Bodily Defenses Image Map
Sunburn
Overview:
What happens when the sun hits your skin?  Either you get tanned or you get burned.  Why do some people tan while other people burn?  How does sunscreen help?  What happens when you have prolonged exposure to the sun?  What the sun does to your skin is very important because the skin is your first line of defense!

What the sun does to your skin:
Sunburn is caused by ultraviolet light from the sun. These rays activate melanin, which is the body's protective pigment against the sun, and turn the melanin brown. This creates a tan.  Radiation has to hit something in order to dissipate its energy.  Melanin provides target molecules that safely absorb radiation energy.  However, sometimes the body can't handle the amount of rays that the sun is giving off.  In this case, the sun will actually burn the skin - a sunburn!

What causes your skin to be red from a sunburn?

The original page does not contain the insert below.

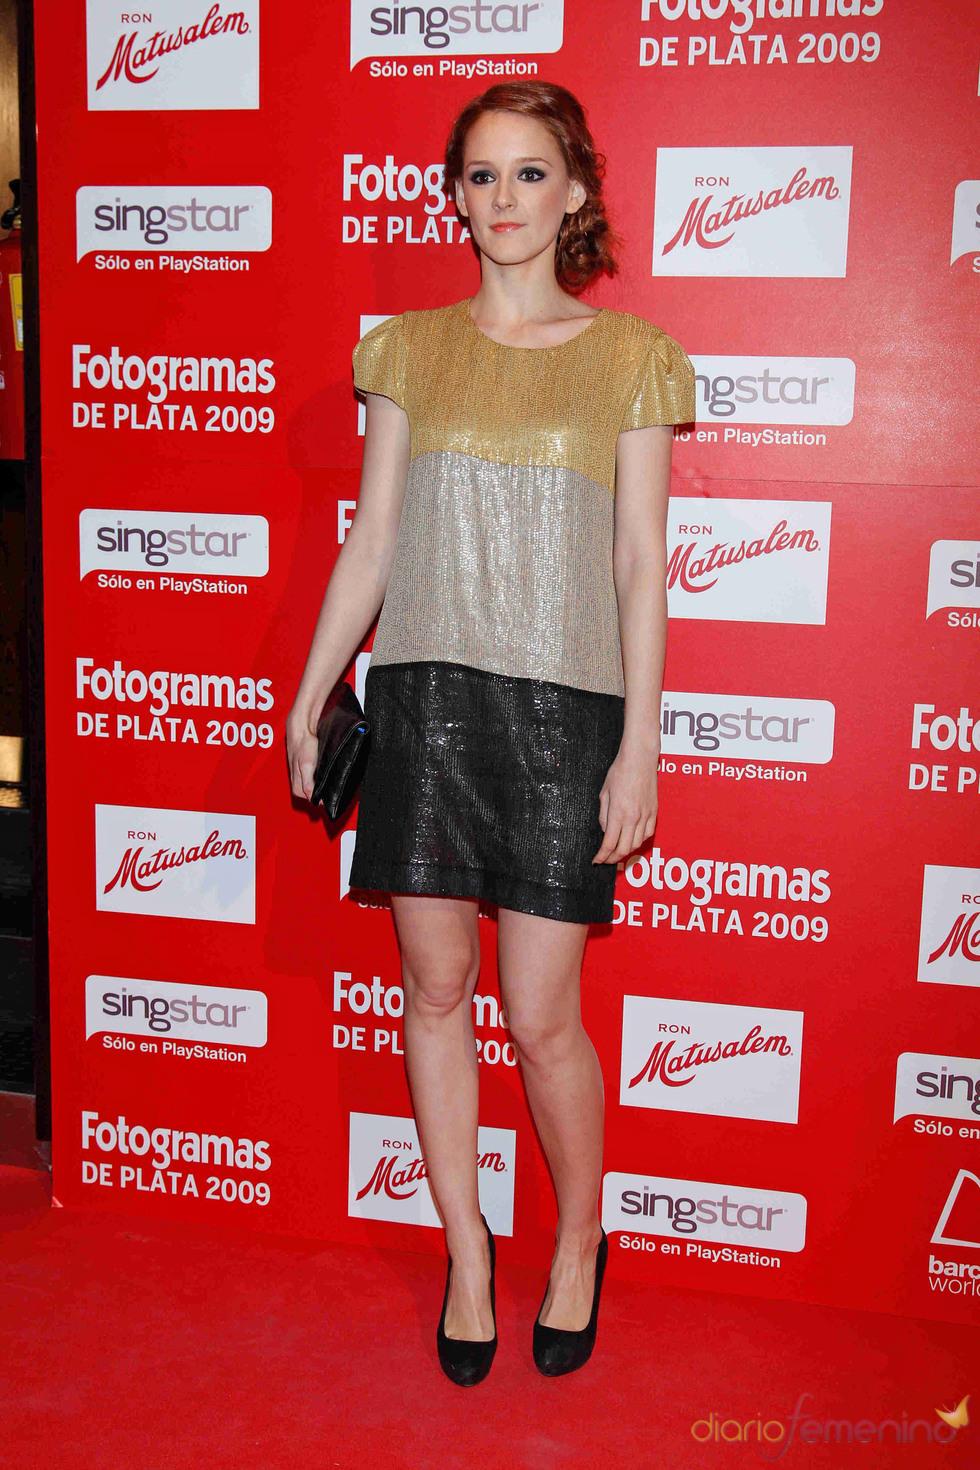 Ana María Polvorosa en los Fotogramas de Plata 2009

Everyone knows that you get a sunburn from being outside too long.  What is happening under your skin to allow you to burn? Don't confuse a sunburn with a burn that you will get from a fire, because they are different.  The red color is partly because of increased blood flow to the injured area.  When cells' membranes are damaged, certain chemicals leak out.  Two of these are histamine and bradykinin, which are peptides that cause the blood vessels to dilate.  As we have learned, this reaction is common when a part of the body has been injured.  Also, the body will begin certain inflammatory processes, which causes the pain and soreness felt as your body attempts to heal itself.  When a burn is severe, you can actually have blisters, caused by the movement of protective cells in the blood to the extremely injured areas.